Figure 3. Lattice structure of an orthogonal filter bank

The lattice structure improves the filter bank efficiency as it reduces the number of computations performed. If the direct form requires 4L multiplications, the poly phase requires 2L multiplications, and the lattice requires just L+1 multiplications. The number of additions is also reduced in the lattice

# 2.4. Lifting Structure

form.

The lifting scheme proposed independently by Herley and Swelden is a fast and efficient method to construct two-channel filter banks. It consists of two steps: lifting and dual lifting. The design starts with the Haar filter or the Lazy filter which is a perfect reconstruction filter bank with  $G_0(z) = H_1(z) = 1$ 

and  $H_0(z) = G_1(z) = z^{-1}$ . The lifting steps are:

Lifting: H(z) = H(z) + G(-z) S(z) for any S(z).

Dual Lifting: G(z) = G(z) + H(-z) T(z) for any T(z).



Figure 4. Lifting implementation

The lifting implementation is shown in figure 4. The lifting and dual lifting steps are alternated to produce long filters from short ones. Filters with good properties which satisfy the perfect reconstruction properties can be built using this method [18, 19].

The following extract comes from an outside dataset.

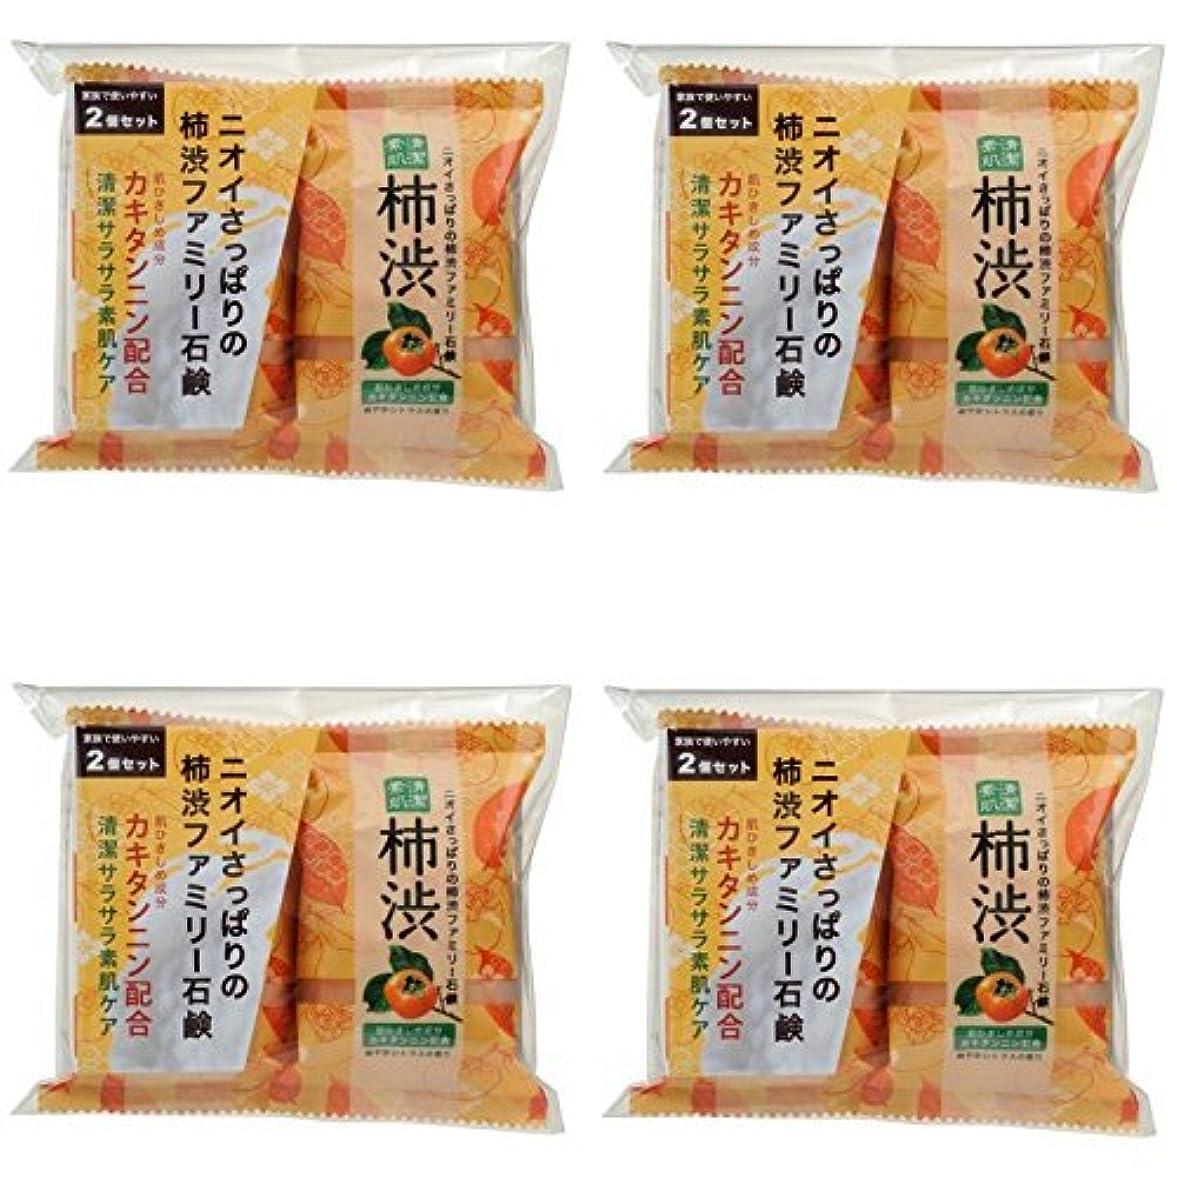 アンテナコーラス北東【まとめ買い】ファミリー柿渋石けん2コパック【×4袋】
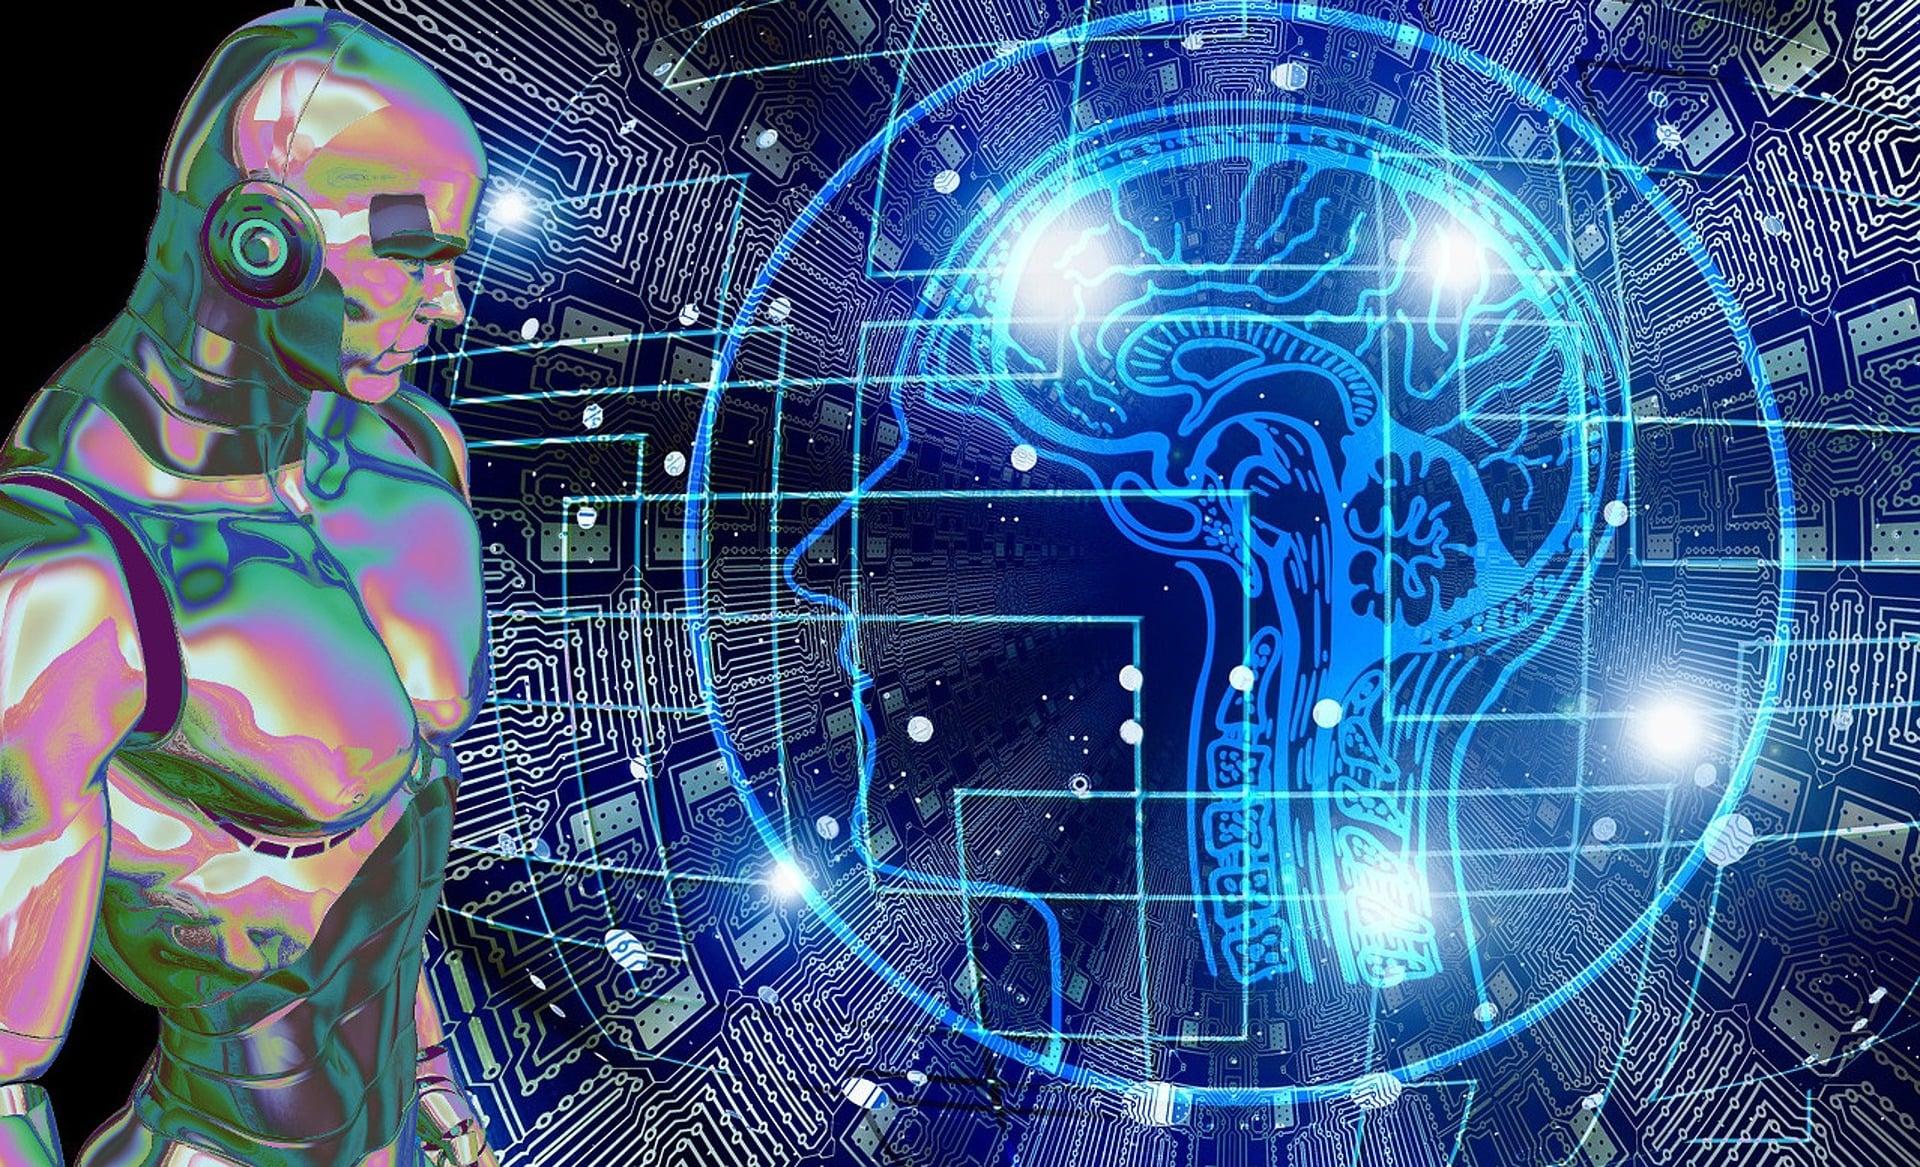 Sztuczna inteligencja w grach wideo

# III. COMPARISON OF IMPLEMENTATION OPTIONS

For hardware implementation, the choice of filter bank structure determines the efficiency and accuracy of computation of the DWT. All structures have some advantages and drawbacks which have to be carefully considered and based on the application, the most suitable implementation can be selected. It is observed that the direct form is a very inefficient method for DWT implementation. This method is almost never used for DWT computation. The poly phase structure appears to be an efficient method for DWT computation. But the lattice and lifting implementations require fewer computations than the poly phase implementation and therefore are more efficient in terms of number of computations. However, the poly phase implementation can be made more efficient than the lattice and lifting schemes in case of long filters by incorporating techniques like Distributed Arithmetic. Also, the lattice structure cannot be used for all linear phase filters and imposes restrictions on the length of the filters. In the case of the lattice and lifting schemes, the filtering units cannot operate in parallel as each filtering unit depends on results from the previous filtering unit. In the case of convolution poly phase implementation, the units can operate in parallel, and therefore the filtering operations have less delay. However, pipelining can be used in the other schemes to reduce the delay. Often, for implementation purposes, the real number filter coefficients are quantized into binary digits. This introduces some quantization error. In the lifting scheme, the inaccuracy due to quantization is accumulated with each step. Thus, the lifting scheme constants must be quantized with better accuracy than the convolution filter constants i.e., the lifting constants need to be represented by more number of bits.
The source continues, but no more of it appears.